Matter of Mulgrew v Board of Educ. of the City Sch. Dist. of the City of N.Y.
2024 NY Slip Op 05834
Decided on November 21, 2024
Appellate Division, First Department
Published by New York State Law Reporting Bureau pursuant to Judiciary Law § 431.
This opinion is uncorrected and subject to revision before publication in the Official Reports.


Decided and Entered: November 21, 2024
Before: Webber, J.P., Singh, Gesmer, Pitt-Burke, Michael, JJ.

Index No. 152847/23 Appeal No. 3093 Case No. 2023-04428

[*1]In the Matter of Michael Mulgrew etc., et al., Petitioners-Appellants,

v

The Board of Education of the City School District of the City of New York, et al., Respondents-Respondents, Success Academy Charter Schools, Amicus Curiae.




Steptoe LLP, New York (Dina Kolker of counsel), for appellants.

Muriel Goode-Trufant, Acting Corporation Counsel, New York (Jeremy W. Shweder of counsel), for respondents.

Kirkland & Ellis LLP, New York (Jay P. Lefkowitz of counsel), for amicus curiae.



Judgment (denominated an order), Supreme Court, New York County (Lyle E. Frank, J.), entered August 11, 2023, granting the motion of respondents (DOE) to dismiss the petition to annul votes of the Panel for Education Policy (PEP) changing the utilization of New York City school buildings in Brooklyn and Queens due to the alleged failure to comply with provisions of the Education Law and Chancellor's Regulation A-190, and dismissing the proceeding brought pursuant to CPLR article 78, unanimously affirmed, without costs.

Supreme Court properly dismissed this proceeding based on petitioners' failure to exhaust their administrative remedies (see Watergate II Apts. v Buffalo Sewer Auth., 46 NY2d 52, 57 [1978]; Mulgrew v Board of Educ. of the City School Dist. of the City of N.Y., 88 AD3d 72, 80-81 [1st Dept 2011]).
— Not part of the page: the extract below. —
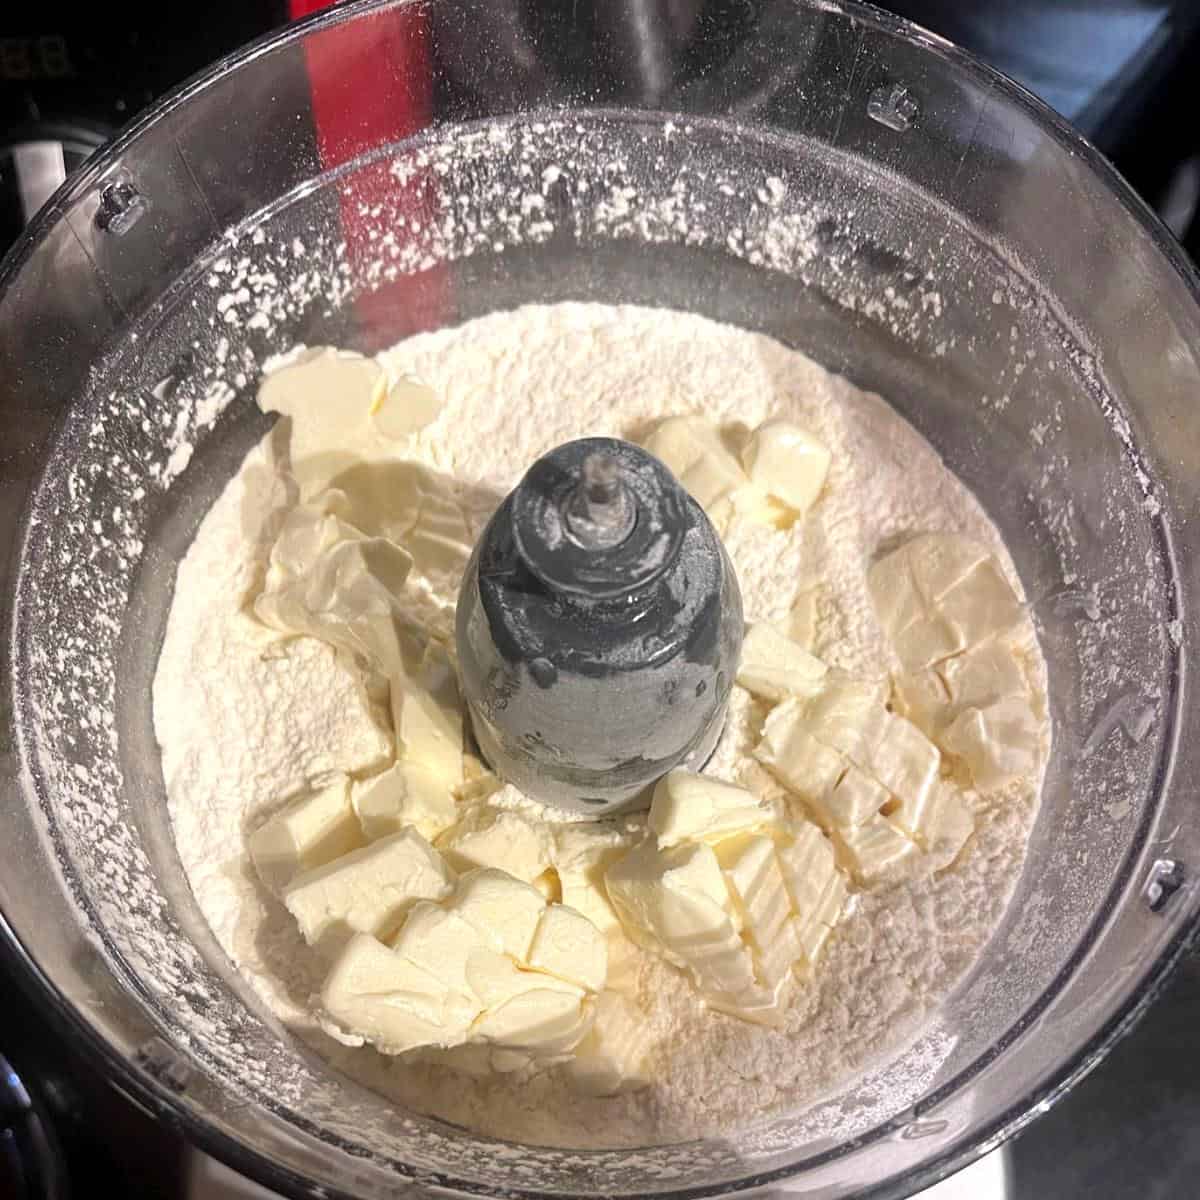 Vegan butter added to flour for vegan empanada dough.

The petition challenges "the determination to locate or co-locate a charter school within a public school building . . . that has been approved by the board of education" for both buildings, which "may be appealed to the commissioner" of the New York State Department of Education under Education Law § 310 (Education Law § 2853[3][a-5]). Thus, as shown by the DOE's exhibits proffered in its motion to dismiss — specifically, several decisions of the commissioner reviewing the adequacy of educational impact statements and building usage plans, as well as compliance with procedural requirements, in challenges to PEP votes approving charter school co-locations in the City of New York — petitioners' claims cannot be brought under CPLR article 78, since they "can be adequately reviewed by appeal to a court or to some other body or officer" (CPLR 7801[1]; see Education Law §§ 2590-h[2-a][b][i]-[vii], 2853[3][a-3][2][A]-[F]).

While petitioners contend that the educational impact statements failed to adequately address the impact on class sizes, the petition does not allege a violation of the class size requirements as set by legislative amendment in September 2022 (see L 2022, ch 556, § 3, amending Education Law § 211-d[2][b][ii]-[iii]). Even if this were such a violation, petitioners would still be required to exhaust their administrative remedies by appealing to the commissioner (Mulgrew, 88 AD3d at 80, quoting Education Law § 211-d[7][a], [c]).

Contrary to petitioners' contention, the petition does not raise a pure question of law, as it challenges the facts underlying the DOE's assumptions of projected class size for the public schools to be housed with the co-located charter schools, and raises other factual allegations related to safety and traffic that they claim the DOE overlooked or insufficiently addressed, among other things (see e.g. Mulgrew, 88 AD3d at 80-81; compare Matter of Sievers v City of N.Y. Dept. of Bldgs., 146 AD2d 473, 473 [1st Dept 1989]).

We have considered petitioners' remaining contentions and find them unavailing.

THIS CONSTITUTES THE DECISION AND ORDER OF THE SUPREME COURT, APPELLATE DIVISION, FIRST DEPARTMENT[*2].